Yep I did finish it. He goes at a fair pace and covers lots of the basic theory covering 7ths, 9ths, 11th, plus all the modes. He also goes through rythym. There is plenty there and he often has extra material on a topic if you still need more help. The only negative is you are not pinning the knowledge to anything, like using it in a composition. The way i used it was to get that information, knowing I will forget some of it, then to refer back when needed.

I find it helps when you watch something like a youtube video that mentions a mode or more advanced chord you know a little more about what they are talking about.

However I am still using other composition and theory courses on both Udemy and Skillshare to supplement the knowledge.


----------



## NekujaK

+1 to all that's been said. I only discovered Guy's videos a couple of months ago, and his channel instantly became one of the very few that I follow. What's not to love about Guy!


----------



## el-bo

Thanks for responding!



Markrs said:


> Yep I did finish it. He goes at a fair pace and covers lots of the basic theory covering 7ths, 9ths, 11th, plus all the modes. He also goes through rythym. There is plenty there and he often has extra material on a topic if you still need more help. The only negative is you are not pinning the knowledge to anything, like using it in a composition. The way i used it was to get that information, knowing I will forget some of it, then to refer back when needed.



I like the idea of moving at a faster pace. Good for holding attention and interest. It would be good to have examples in a working project/context, but I guess he's making a clear delineation between this and his other courses. 




Markrs said:


> I find it helps when you watch something like a youtube video that mentions a mode or more advanced chord you know a little more about what they are talking about.



No doubt! Good to be able to speak the lingo 



Markrs said:


> However I am still using other composition and theory courses on both Udemy and Skillshare to supplement the knowledge.



I already bought a few parts of Jason Allen's 'Music Theory Comprehensive Complete' course (Udemy), a while back, thinking that the best way to proceed would be to start right at the beginning and move slowly. That hasn't happened. I guess I need a much quicker pay-off; enough to kindle the fires of interest and motivate to go deeper, at which point I think Jason's course will feel a little more approachable.

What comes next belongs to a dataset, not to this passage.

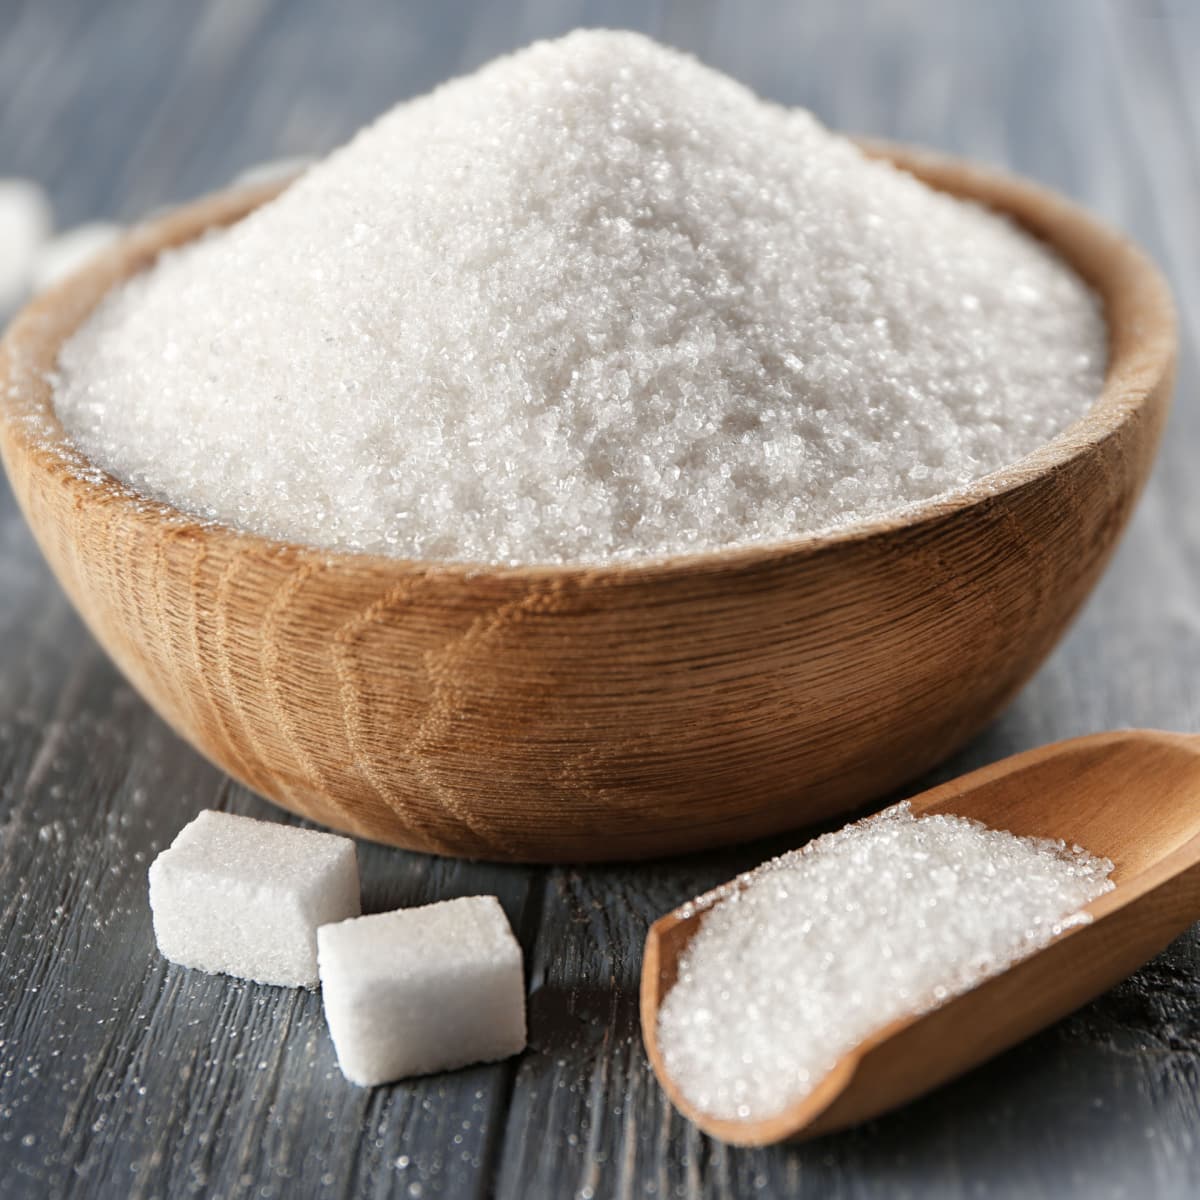 White Table Sugar on a Wooden Bowl and Scooper
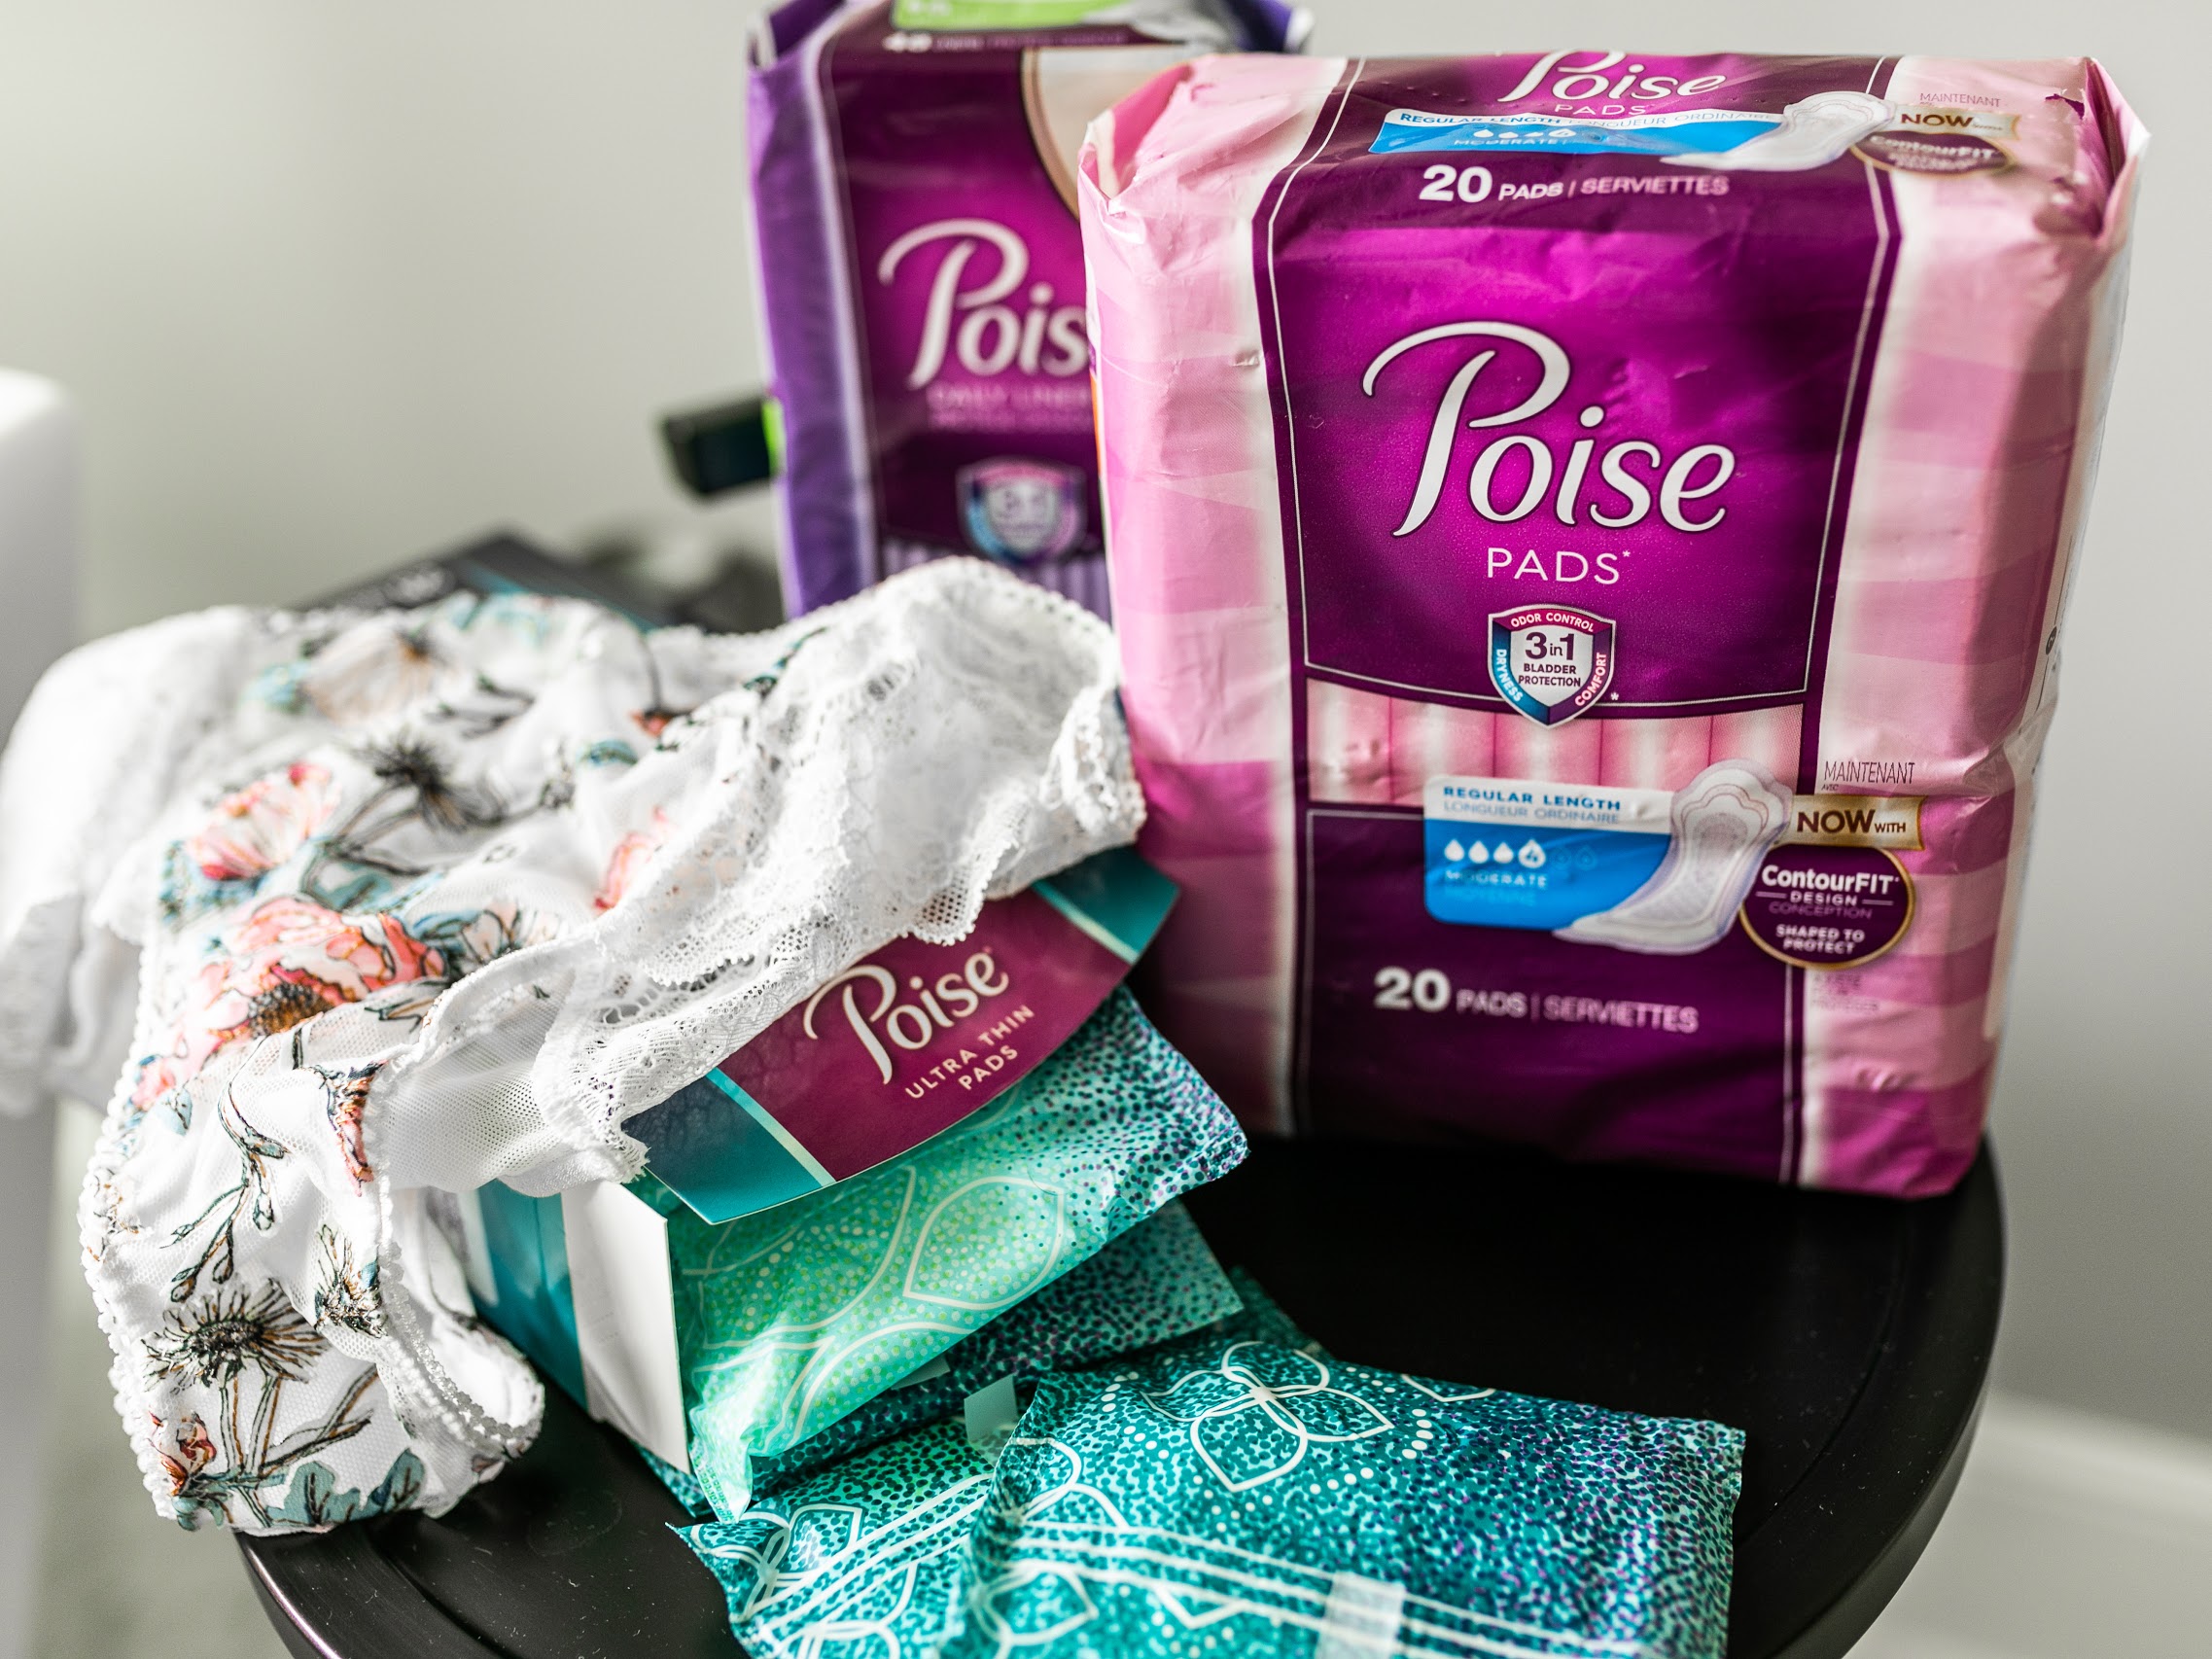 Don't Miss The Big Savings On Poise Products At Publix on I Heart Publix

Curious to know, however, if it felt like it was complete, in and of itself i.e If you had no access to any further resources (Other than re-watching Guy's course, over and over), do you feel that you have a solid enough foundation?

Thanks, again.


----------



## el-bo

p.s: Sorry to robgb, for the derail. Wasn't really thinking. Happy to delete my comments and take it to pm's, if need be.


----------



## Markrs

el-bo said:


> I already bought a few parts of Jason Allen's 'Music Theory Comprehensive Complete' course (Udemy), a while back, thinking that the best way to proceed would be to start right at the beginning and move slowly. That hasn't happened. I guess I need a much quicker pay-off; enough to kindle the fires of interest and motivate to go deeper, at which point I think Jason's course will feel a little more approachable.
> 
> Curious to know, however, if it felt like it was complete, in and of itself i.e If you had no access to any further resources (Other than re-watching Guy's course, over and over), do you feel that you have a solid enough foundation?
> 
> Thanks, again.



I have the Jason Allen courses as well (he has quite a few variations, such as Music Theory Comprehensive Complete!, Music Theory for Electronic Music COMPLETE, Composition & Film Scoring 1 & 2, Music Theory for Electronic Musicians and Music Composition), which I haven't really got into yet, but they do look ver comprehensive. I have been mainly using Music Composition with the Piano: Ultimate Keyboard Theory Music Composition and Practicing & Arranging with the Piano by Jack Vaughan which are much more about technique than theory, but do include theory. I find these the best and worked well with the Guy Michelmore Theory lessons.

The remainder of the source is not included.